2026年予想は、売上+15.4%に対し**営業利益は+7.8%、当期純利益は+2.4%**と抑制的。

理由は3つ:

要因 内容 影響
① 基幹システム刷新 2025年に遅れた費用が2026年に繰り延べ 利益を圧迫
② 賃上げ税制の終了 2025年は522百万円の減税、2026年は未計上 当期純利益に約3.3億円の悪影響
③ 新卒200名の入社 即戦力化に時間がかかる 一時的な生産性低下

離職率の悪化

  • 2024年:9.7%(過去最低)
  • 2025年:11.6%(+1.9pt悪化)

→ 急拡大の副作用。

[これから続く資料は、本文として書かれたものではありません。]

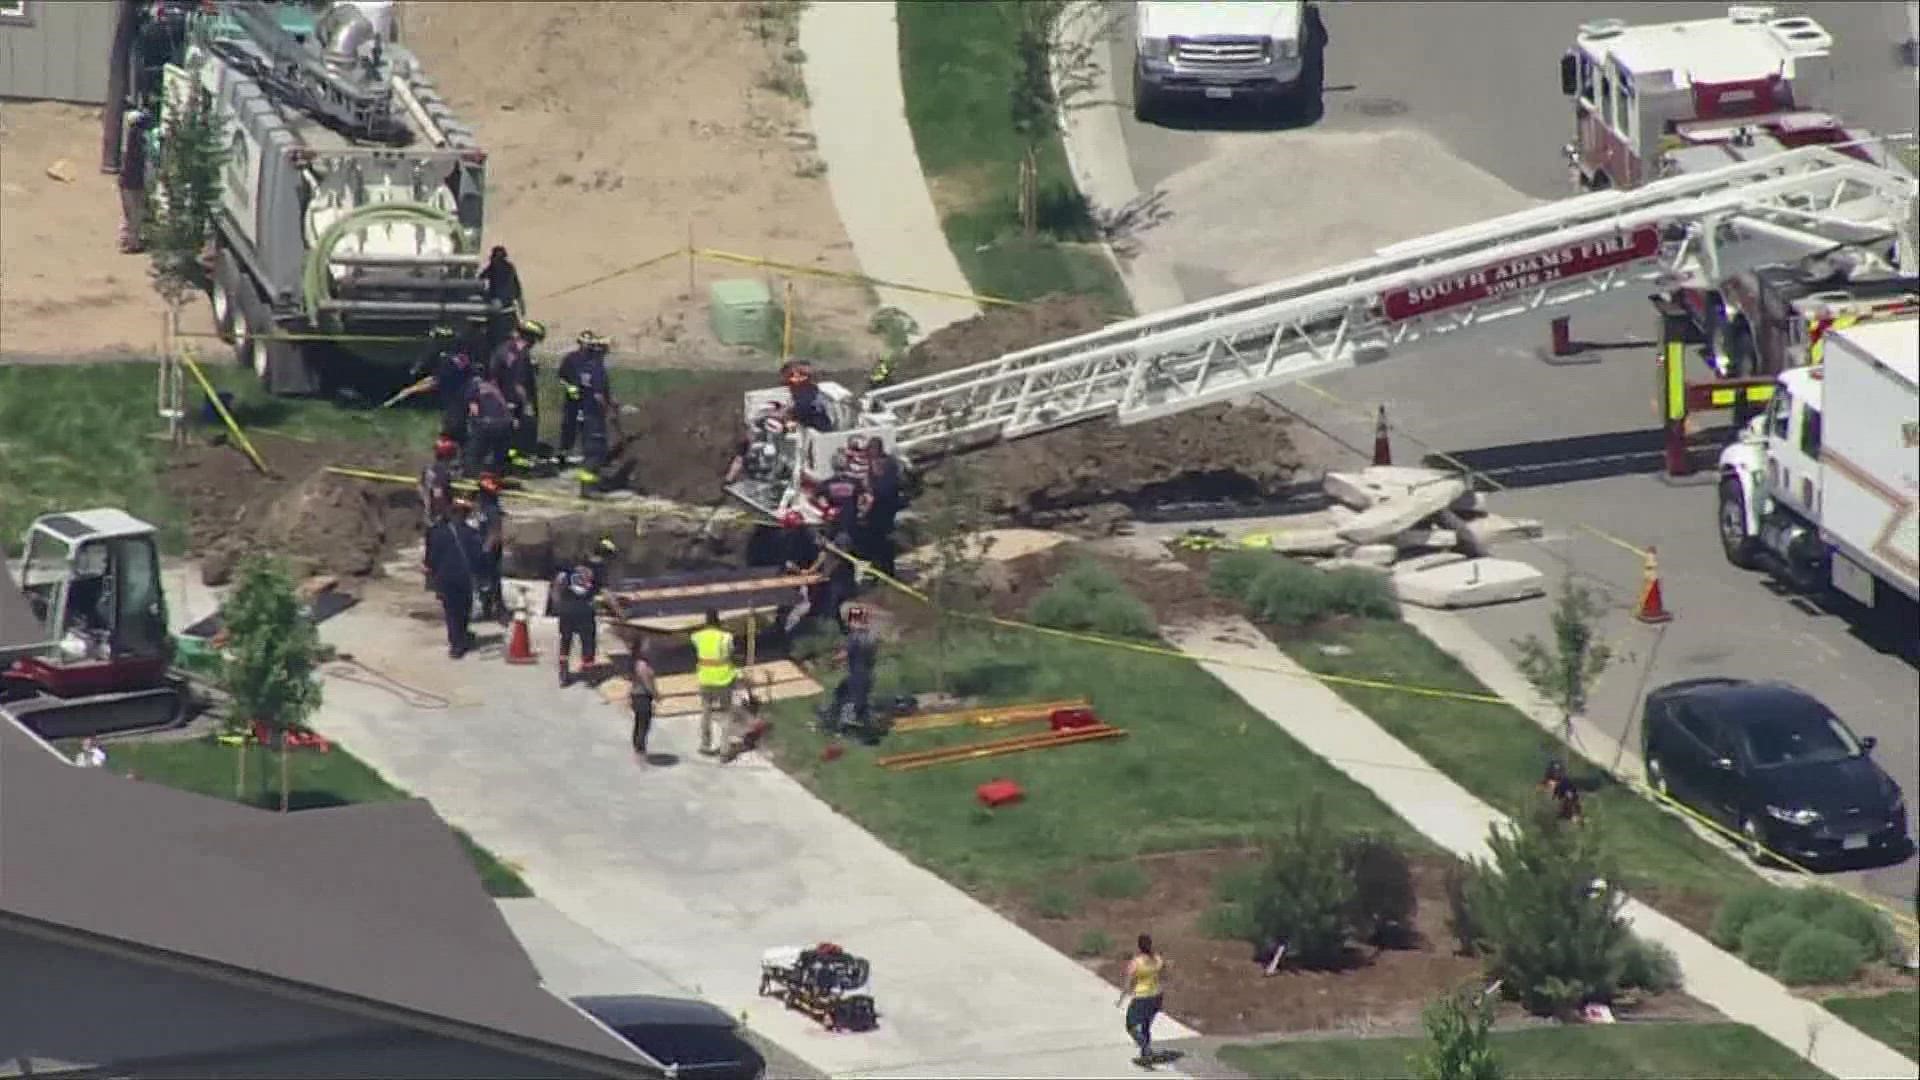 Crews spent hours performing a trench rescue operation before finding the man.

2026年は10%目標に戻す計画。

その他のリスク

  1. 景気敏感性:2020年コロナ時に当期利益が半減した実績あり
  2. AI・プラットフォーム型競合:中低所得帯ではIT活用の紹介会社が台頭
  3. 創業家依存:田崎氏(会長兼社長)の高齢化リスク
  4. PBR 7.55倍:市場期待が高すぎて、失望売りリスク

ESGへの取り組み

環境(E)

  • 2030年までにScope3まで含めたカーボンネットゼロを目指す
  • 「JACモリンガの森」プロジェクト:スギの10倍のCO2吸収力を持つモリンガを植樹
  • 2025年:宮古島3,000本、タイ4,000本、マレーシア3,900本を植樹
  • 2008年からの累計植樹:171,884本

社会(S)

  • 女性管理職比率38%(目標40%に迫る)
  • えるぼし認定「3つ星」(最高位)取得
  • **PRIDE指標「ゴールド」**4年連続受賞(LGBTQ+対応)
  • 健康経営優良法人8年連続認定
  • 男性育休取得率58.6%(2022年11.7%→大幅向上)

️ ガバナンス(G)

  • 女性取締役比率:27.3%(2030年30%目標)
  • 社外取締役比率:63.6%
  • 外国人取締役比率:18.2%

⭕ こびと株チェックリスト再評価(2025年決算反映版)

基準 2025年数値 判定
配当利回り3.75%以上 4.37%
自己資本比率50%以上 72.3% ⭕⭕
営業利益率10%以上 25.3% ⭕⭕
EPS増加傾向 35.22→52.98 ⭕⭕
BPS増加傾向 114.43→141.07 ⭕⭕
売上高右肩上がり 過去最高更新
営業CF潤沢 95.7億円 ⭕⭕
無借金経営 0円 ⭕⭕⭕
連続増配 2021年に減配
配当性向 68.5%→70.6% 🔺(やや高い)

JACリクルートメントは「高配当株の純血ではないが、財務超優良な景気敏感株の筆頭格」。2026年業績予想が控えめなため、さらなる株価調整で仕込むチャンスが来る可能性あり。ポートフォリオの1〜3%以内で、景気敏感株枠の一角として検討価値大。